DataInf: Efficiently Estimating Data Influence in LoRA-tuned LLMs and Diffusion Models

We provide a key part of "DataInf: Efficiently Estimating Data Influence in LoRA-tuned LLMs and Diffusion Models" implementation.

Quick start

(Task 1) Mislabeled data detection

An easy-to-start Jupyter notebook notebokes/Mislabeled_Data_Detection-RoBERTa-MRPC.ipynb demonstrates how to compute the influence function values and how to detect mislabeled data points using the computed influence function values.

We use the RoBERTa-large model and LoRA, a parameter-efficient fine-tuning technique, to significantly reduce the total number of parameters.
We consider a noisy version of the GLUE-MRPC dataset; We synthetically generate mislabeled data points by flipping the label of data points. We randomly selected 20% of data points.

(Task 2) Influential data identification

A Jupyter notebook notebokes/Influential_Data_Identification-Llama2-Math-Reason.ipynb demonstrates how to efficiently compute the influence function values, showing its applications to identify most influential data points. We use the llama2-13b-chat. It has thw following steps.

Step 1 Dataset generation: generate the math_problem (with reasoning) dataset with the following bash command. It will be stored at the datasets folder.

python3 src/generate_sentence-math_datasets.py

It will generate the sentence_transformation and math_problem (withour reasoning) datasets as well.

Step 2 Fine-tune a model: fine-tune a llama-2-13b-chat model on the math problem (with reasoning) dataset. We use src/sft_trainer.py, which is built on HuggingFace's SFTTrainer. A sample CLI is given as follows.
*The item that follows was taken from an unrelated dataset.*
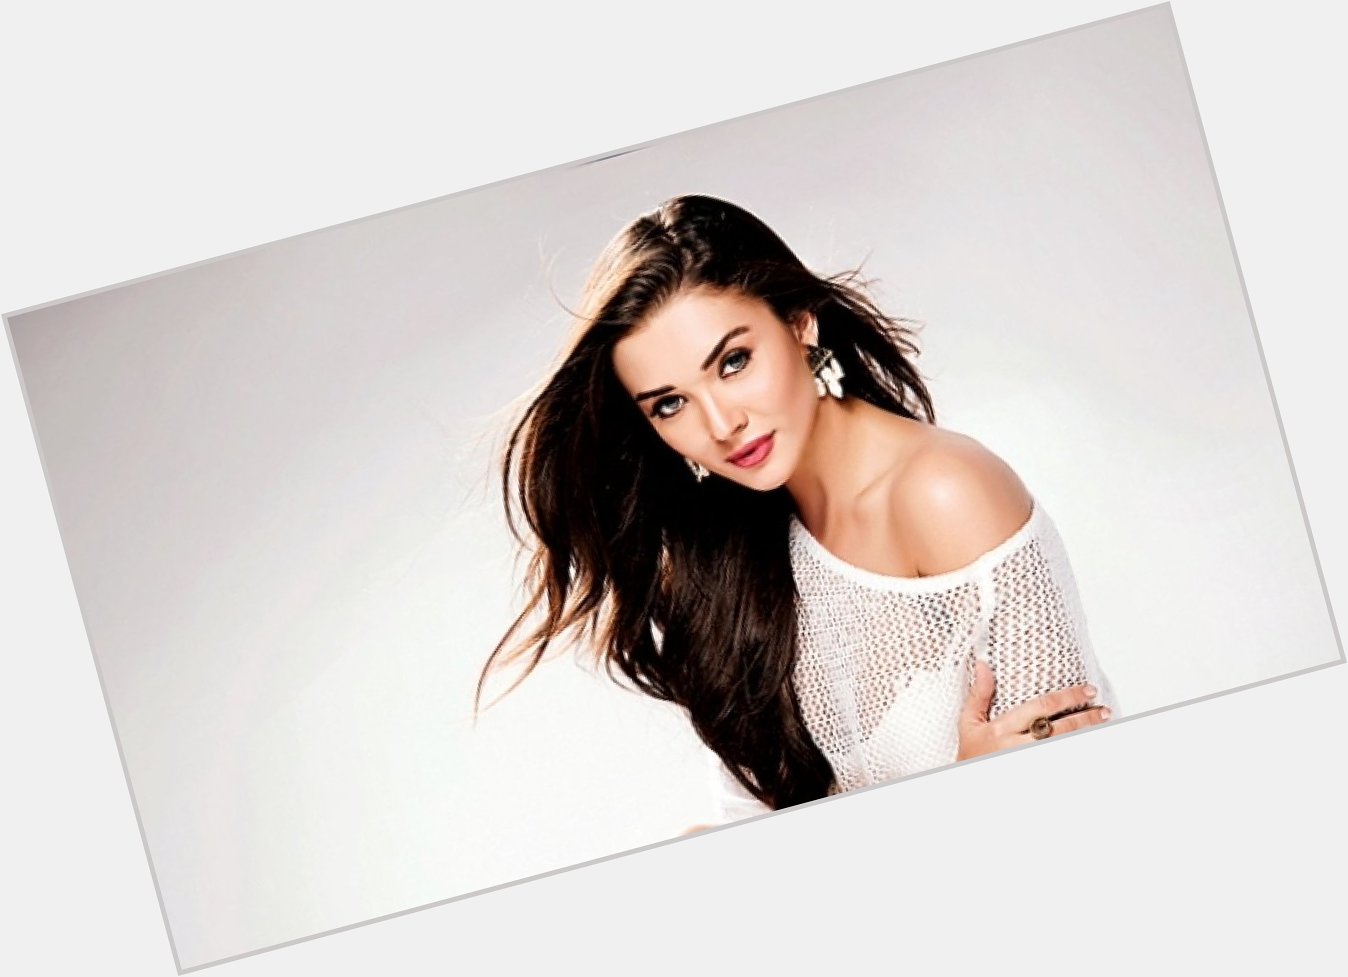 Join us in Wishing a very happy birthday to Amy Jackson  
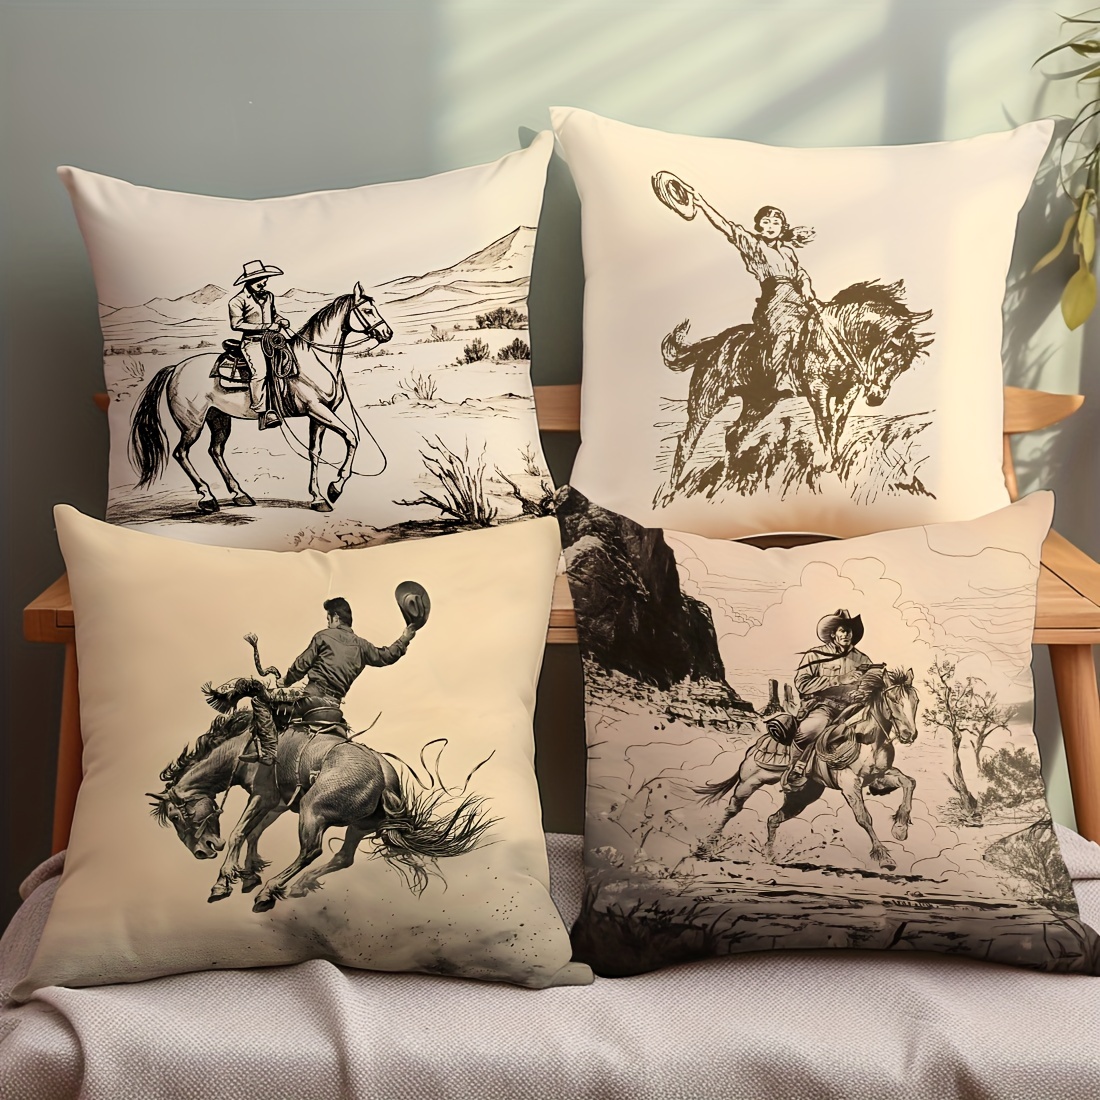 

4pcs, 18"x18" (45x45cm), Rustic Western Horse Riding, American West, Peach Skin Velvet Pillow Covers, Car Cushion, Sofa, Bedroom, Headboard Pillow Cases, Single-sided Print, Home Decor Without Insert

python /YOUR-DATAINF-PATH/DataInf/src/sft_trainer.py \
    --model_name /YOUR-LLAMA-PATH/llama/models_hf/llama-2-13b-chat \
    --dataset_name /YOUR-DATAINF-PATH/DataInf/datasets/math_with_reason_train.hf \
    --output_dir /YOUR-DATAINF-PATH/DataInf/models/math_with_reason_13bf \
    --dataset_text_field text \
    --load_in_8bit \
    --use_peft

Step 3 Compute the gradients and influence function values.

The core python file

dataloader.py includes the construction of tokenizers and generates noisy datasets.
lora_model.py includes LoRA modules.
influence.py includes influence computation algorithms.
generate_sentence-math_datasets.py generates the sentence_transformation and the math problem datasets.

CLI tool for mislabeled data detection tasks

We also provide a CLI tool. The following command will compute the influence function values of the GLUE-QNLI dataset. It uses the RoBERTa-large model and the LoRA rank is set to 8.

python3 launcher.py run --exp_id='config_qnli4' --run-id=0 --runpath='./'

Note

version: 0.0.5
Many more easy-to-start Jupyter notebooks will be added!!